*TASK BRIEF*
What must be handed in is the entire listing, exactly as written, with no pictures.

*SOURCE DATA*
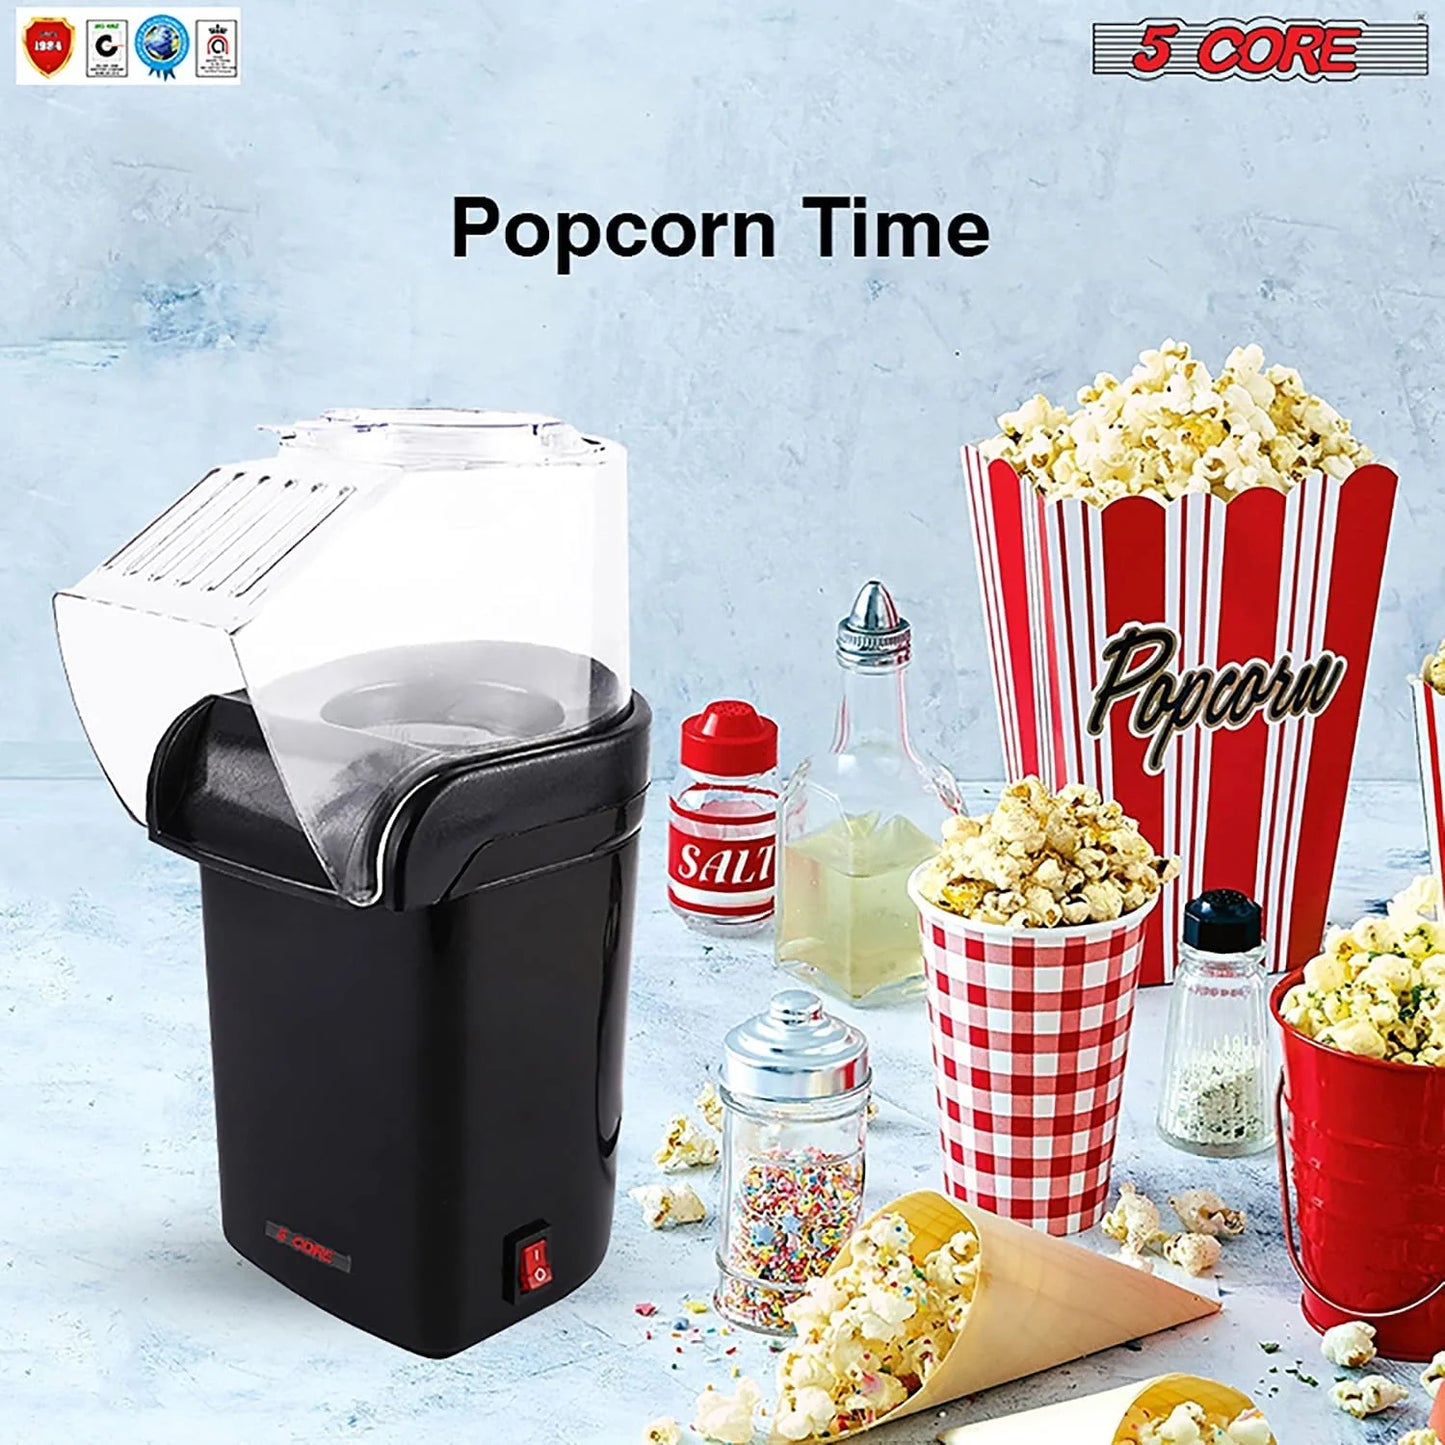 5 Core Popcorn Machine Black Capacity 16 Cups Hot Air Popcorn Popper Maker Compact Mini Pop Corn Machine - POP B
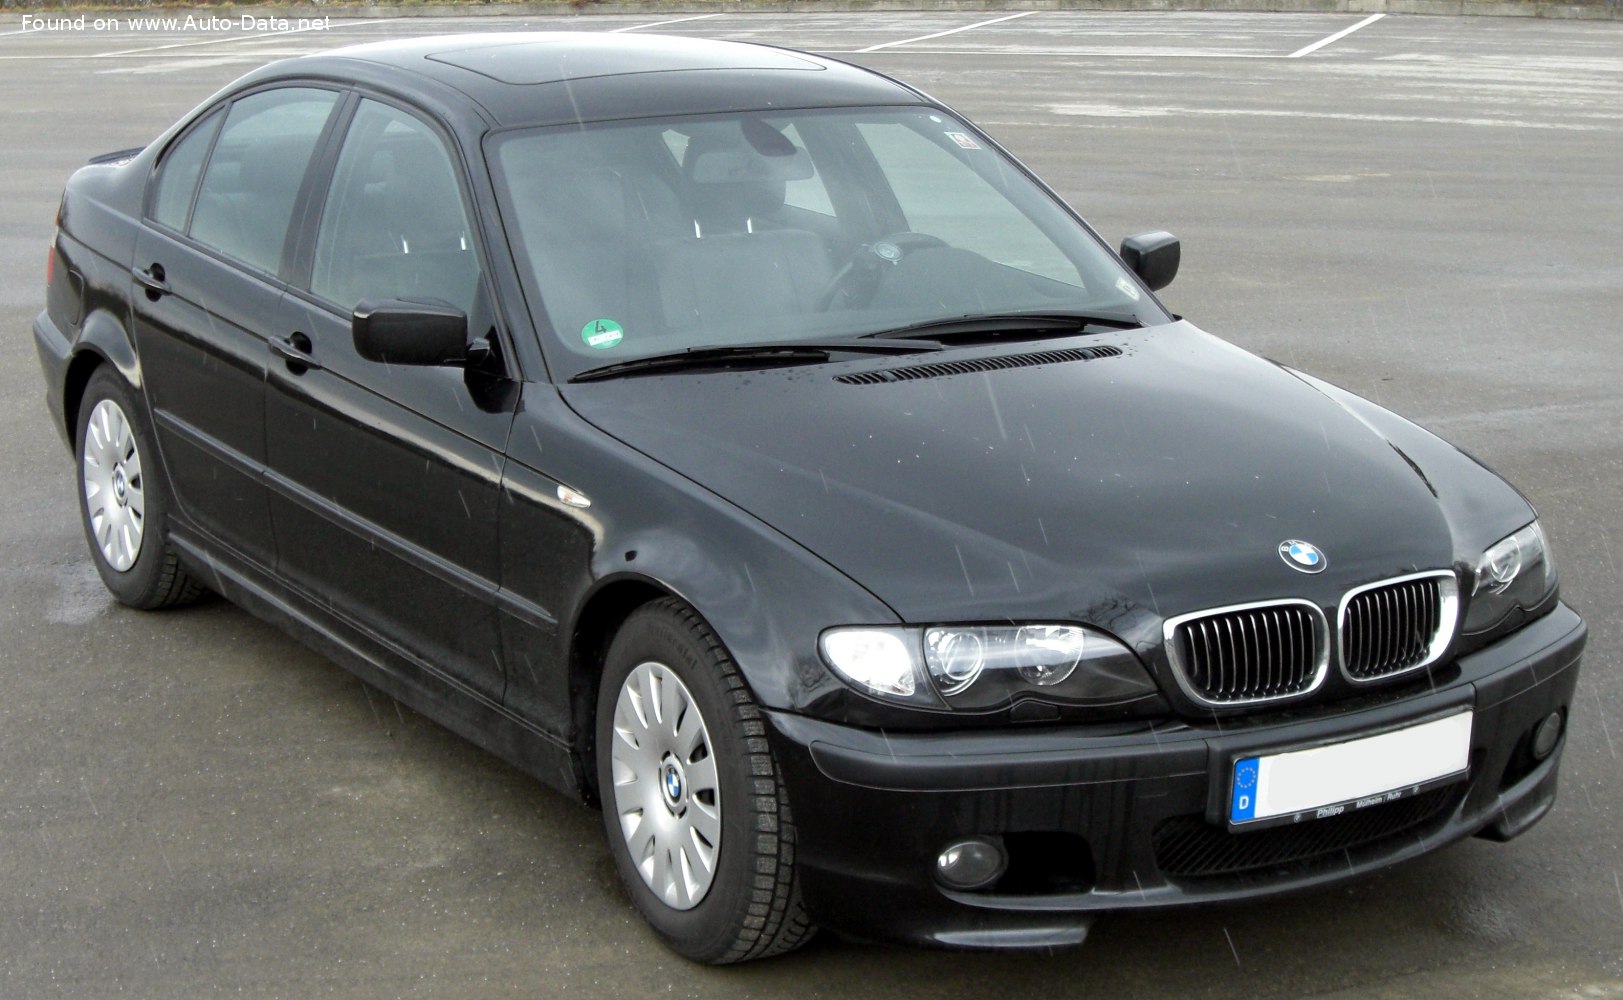 2001 BMW 3 Series Sedan (E46, facelift 2001) 325i (192 Hp) | Technical specs, data, fuel consumption, Dimensions
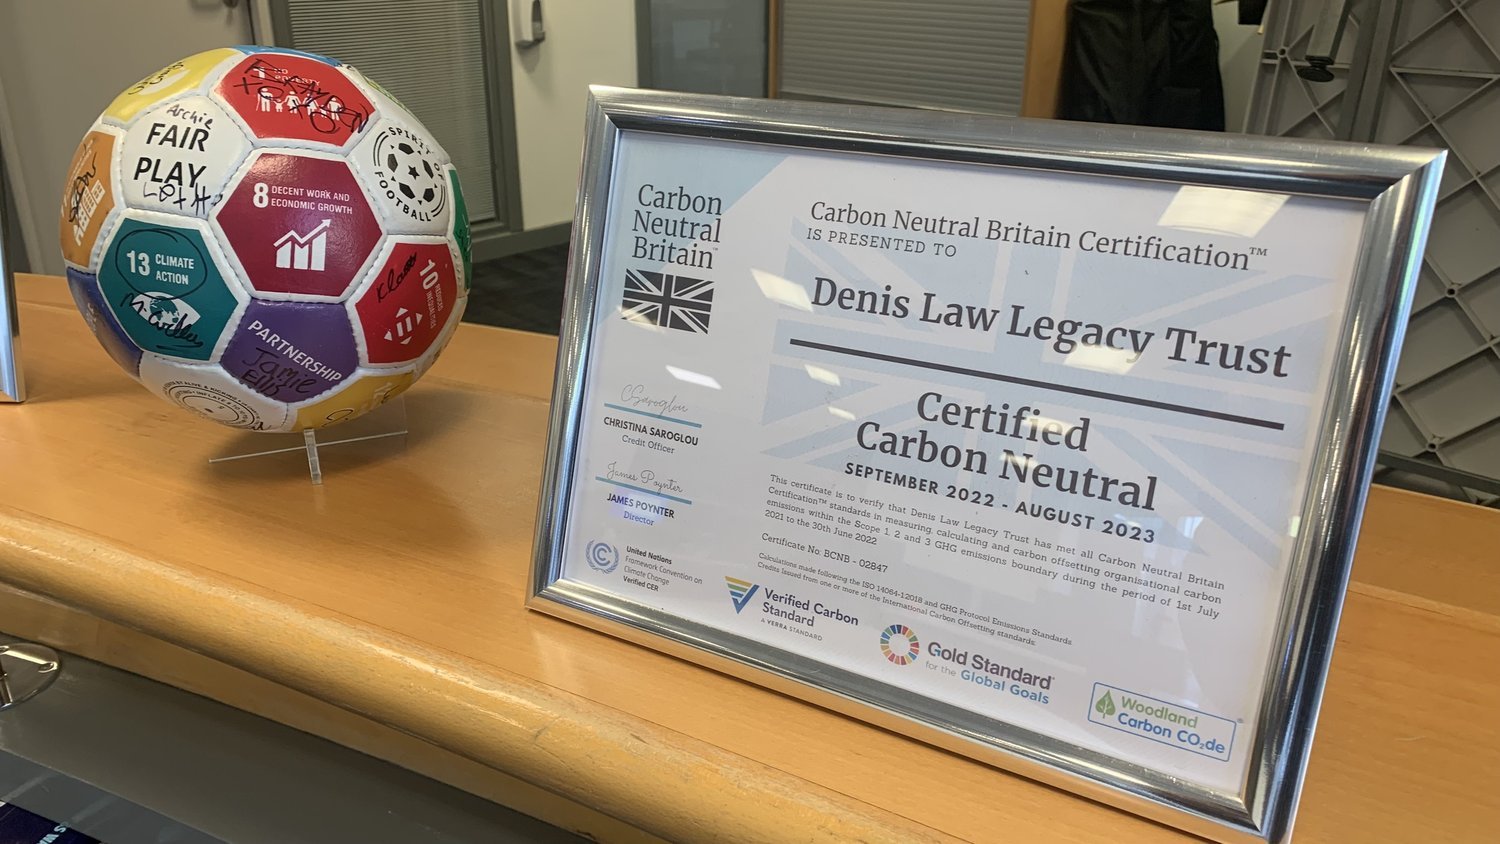 Denis Law Legacy Trust Carbon Neutral
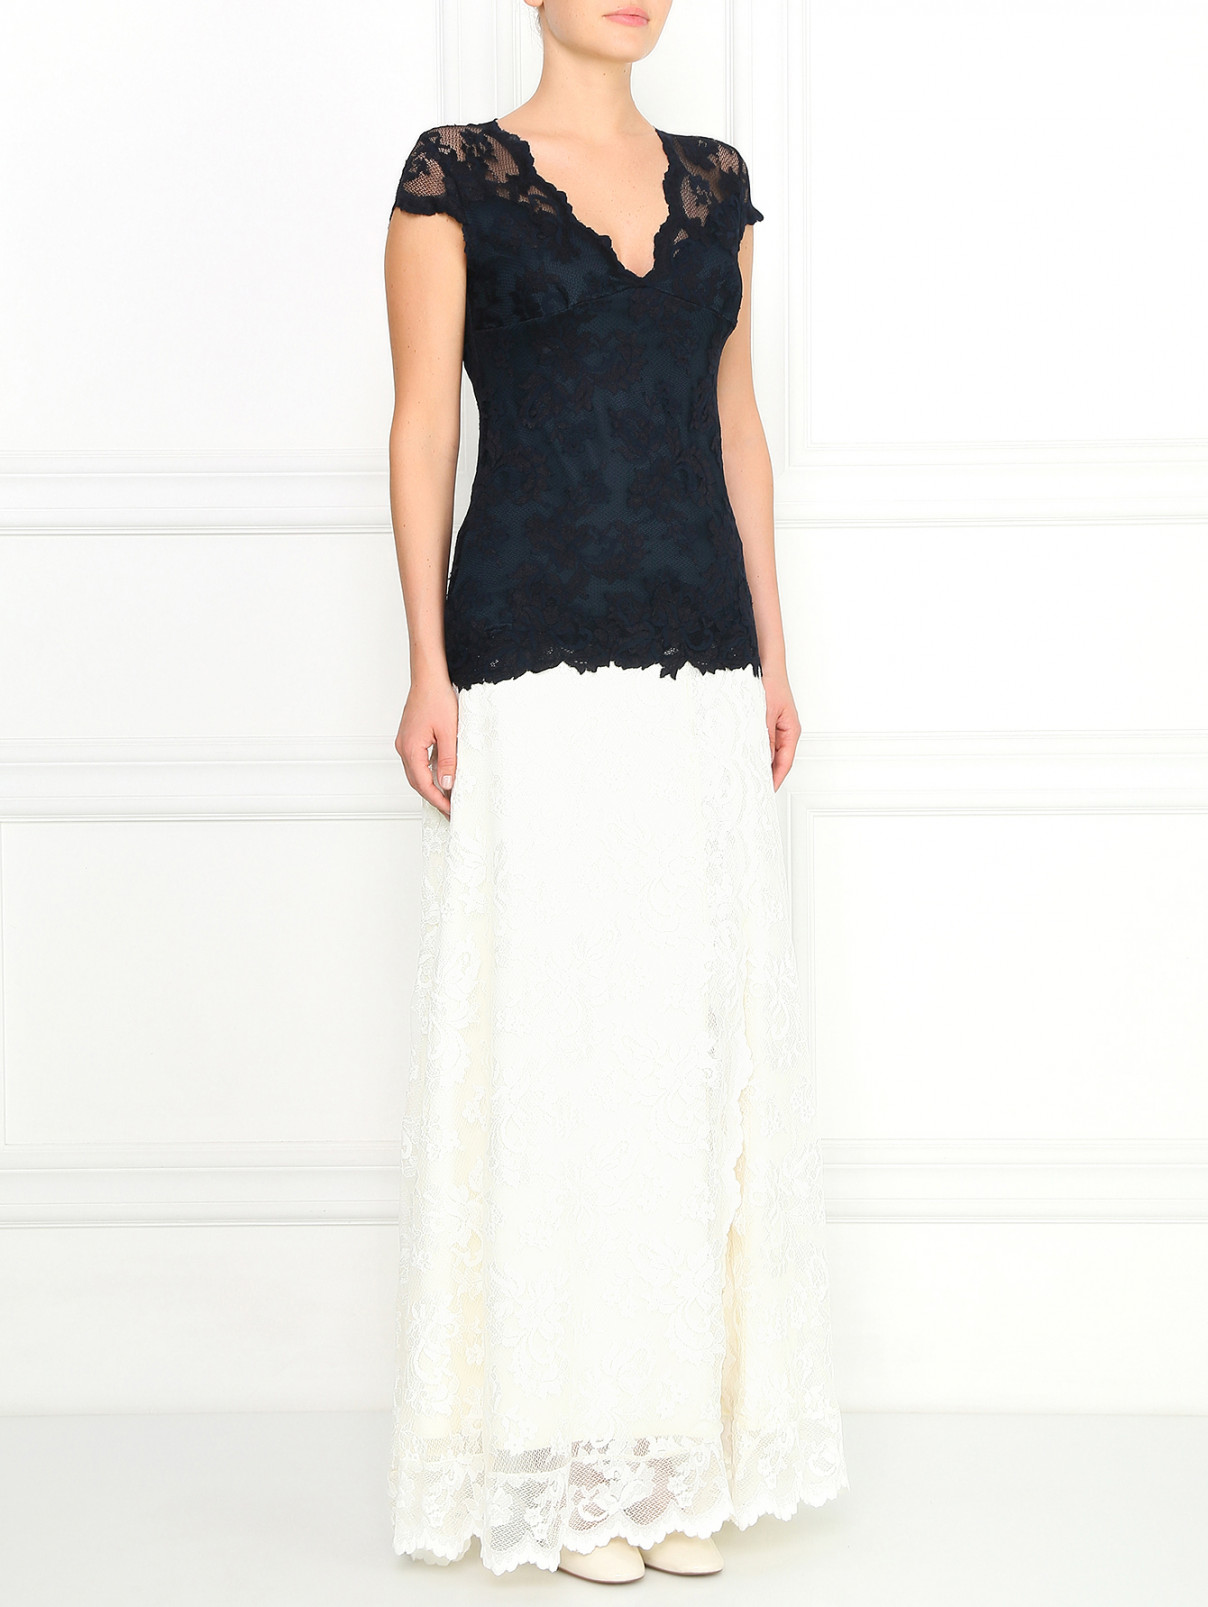 Кружевная юбка-макси с разрезом Olvi's  –  Модель Общий вид  – Цвет:  Белый

*FINISHED TASK*
 5 Core Popcorn Machine Black Capacity 16 Cups Hot Air Popcorn Popper Maker Compact Mini Pop Corn Machine - POP B
 2001 BMW 3 Series Sedan (E46, facelift 2001) 325i (192 Hp) | Technical specs, data, fuel consumption, Dimensions
 Denis Law Legacy Trust Carbon Neutral
 Кружевная юбка-макси с разрезом Olvi's  –  Модель Общий вид  – Цвет:  Белый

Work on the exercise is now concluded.